__Dataset records__.

^^^^^^^^

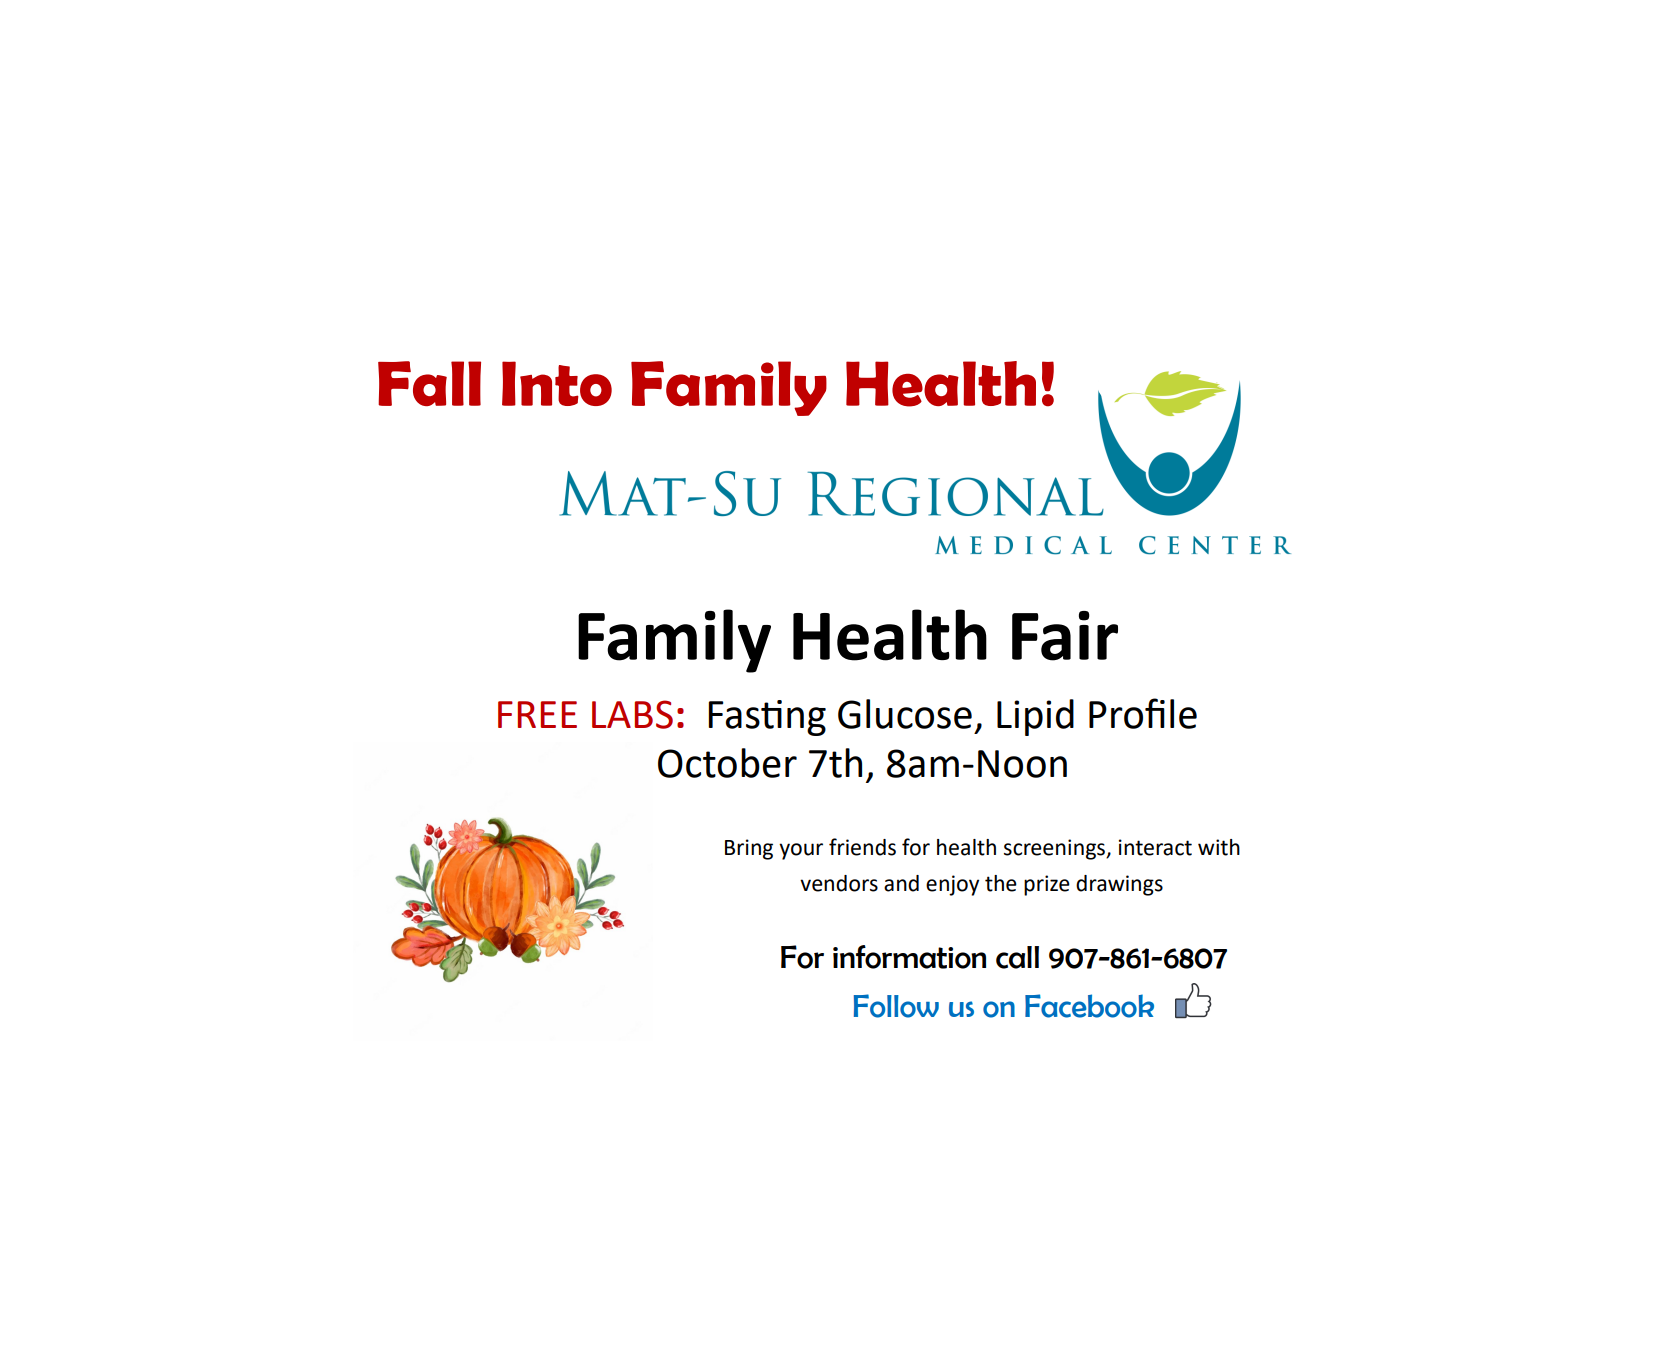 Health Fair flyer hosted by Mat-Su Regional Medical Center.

^^^^^^^^

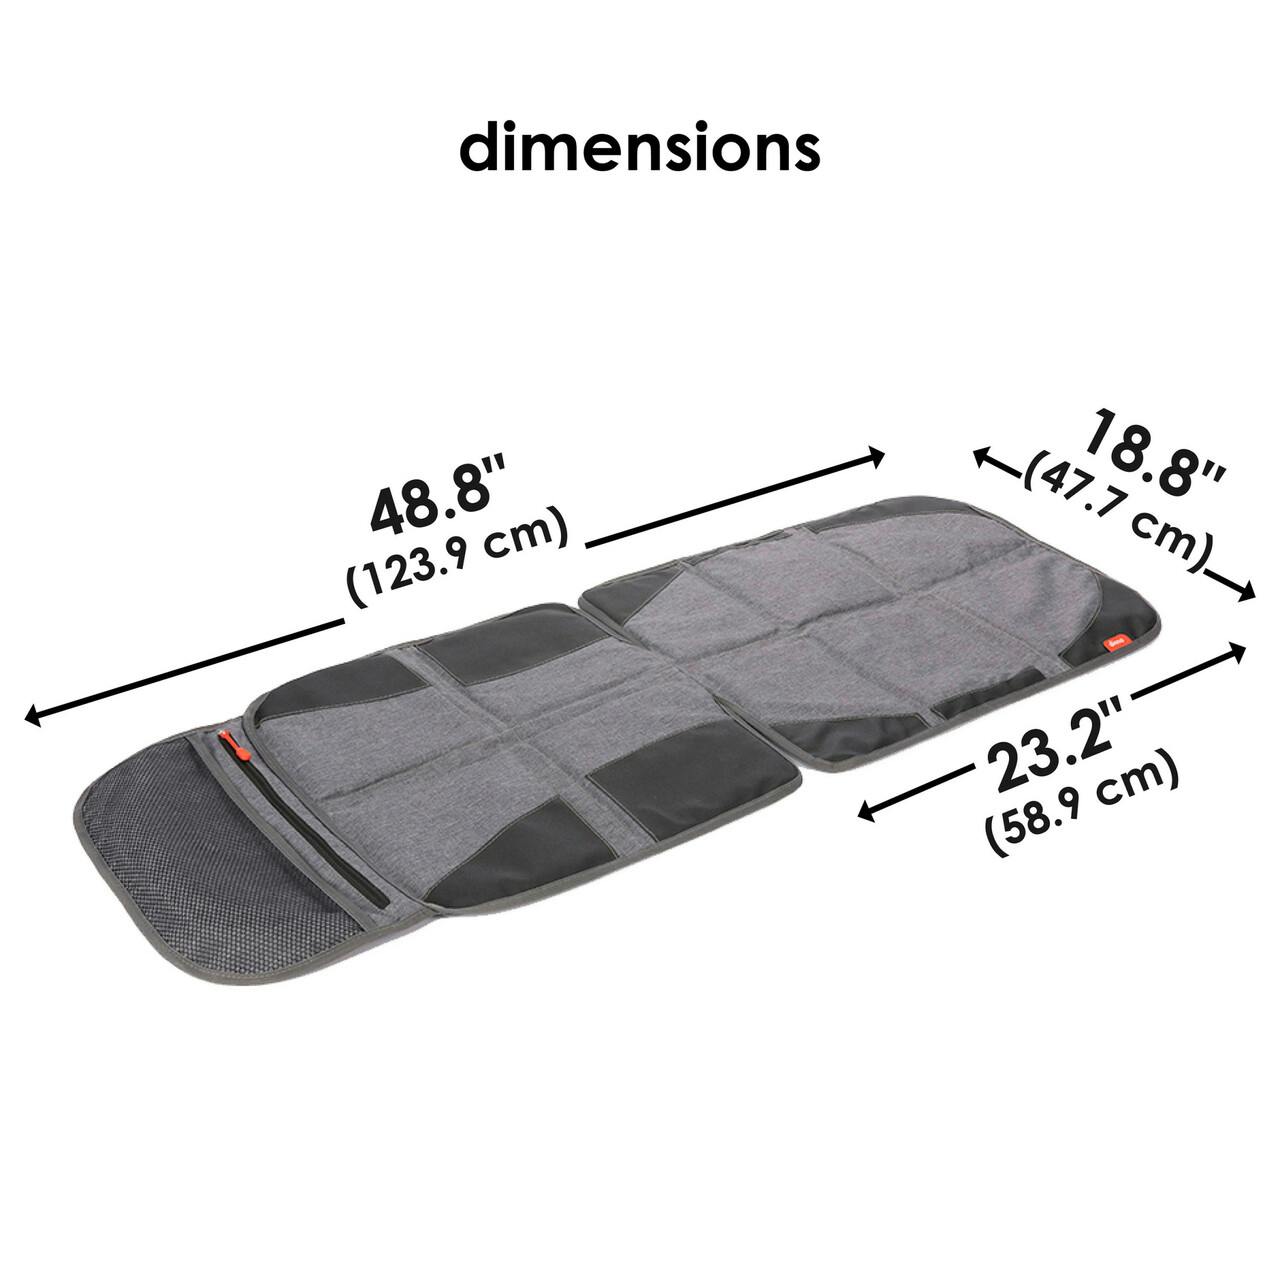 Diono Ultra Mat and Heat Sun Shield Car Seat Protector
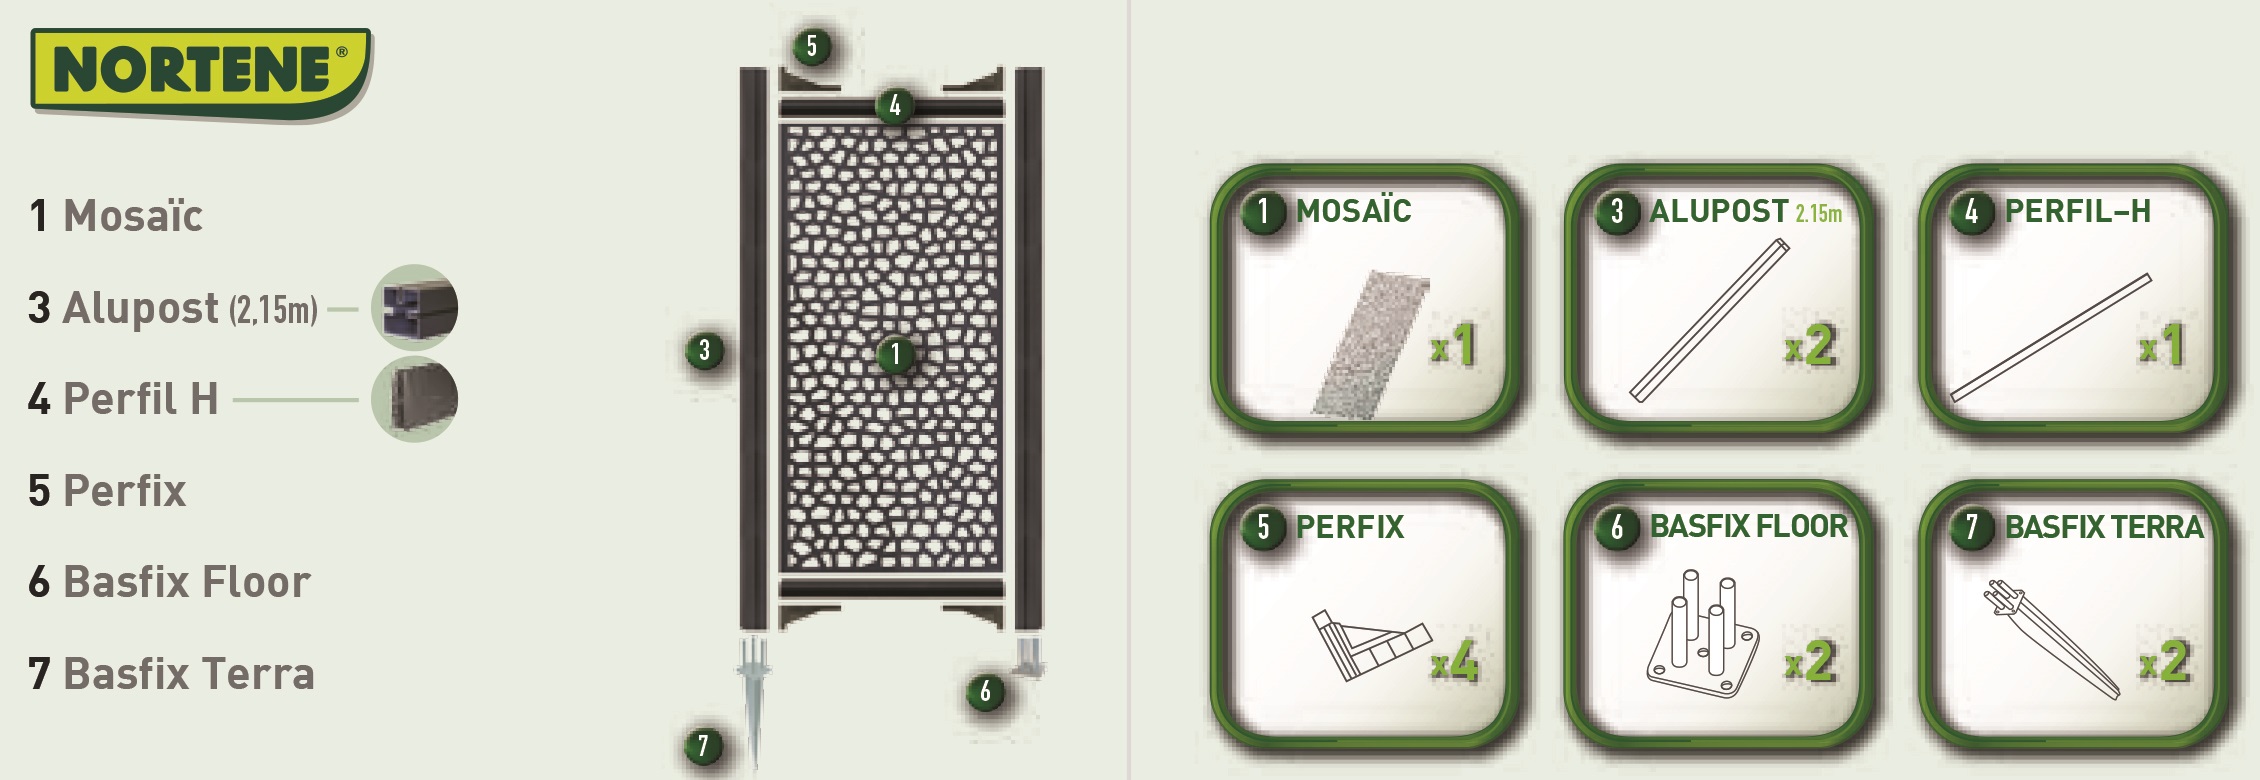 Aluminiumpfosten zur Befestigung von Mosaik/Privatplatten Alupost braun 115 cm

^^^^^^^^

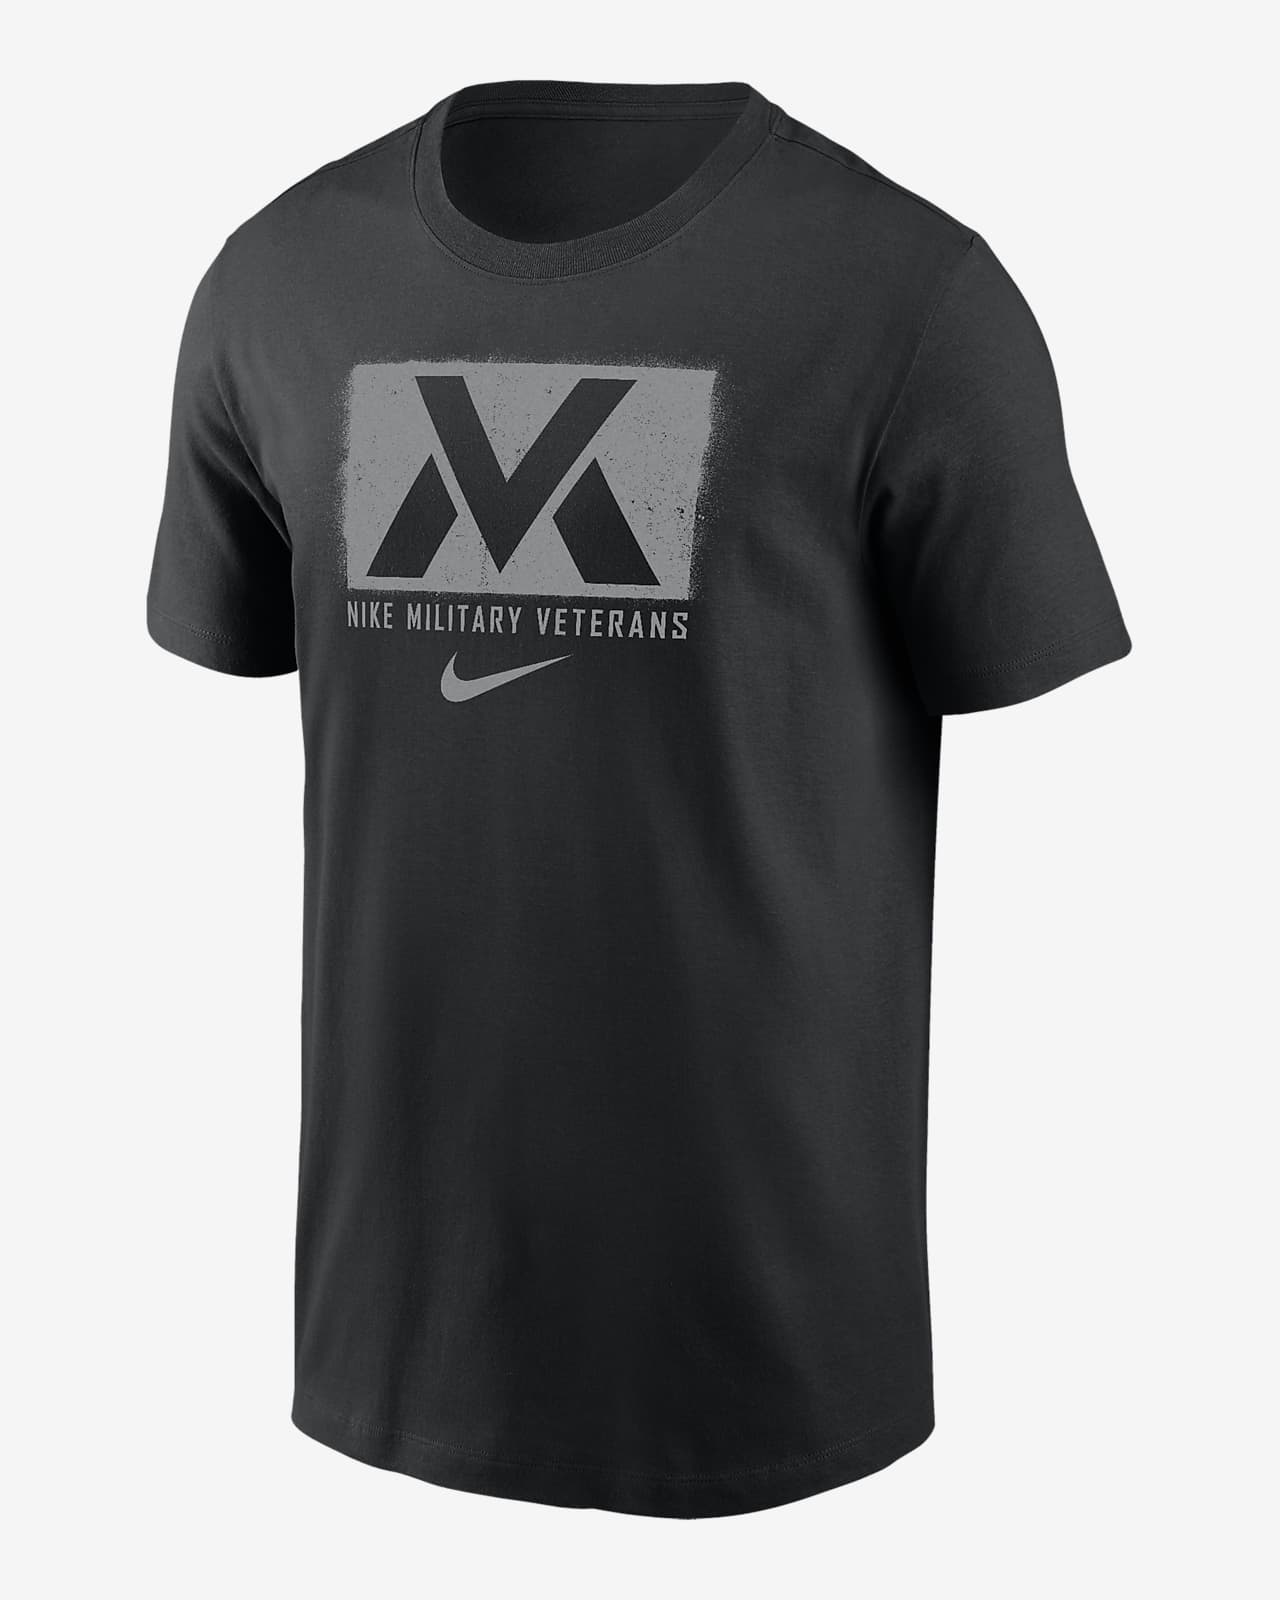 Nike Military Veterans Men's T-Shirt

^^^^^^^^

__Task details__. An exact copy is needed of the entries above, starting at the line that holds "Diono Ultra Mat" and stopping at the line that holds "Aluminiumpfosten zur Befestigung", both kept; pictures stay out.

__Task response__.
 Diono Ultra Mat and Heat Sun Shield Car Seat Protector
 Aluminiumpfosten zur Befestigung von Mosaik/Privatplatten Alupost braun 115 cm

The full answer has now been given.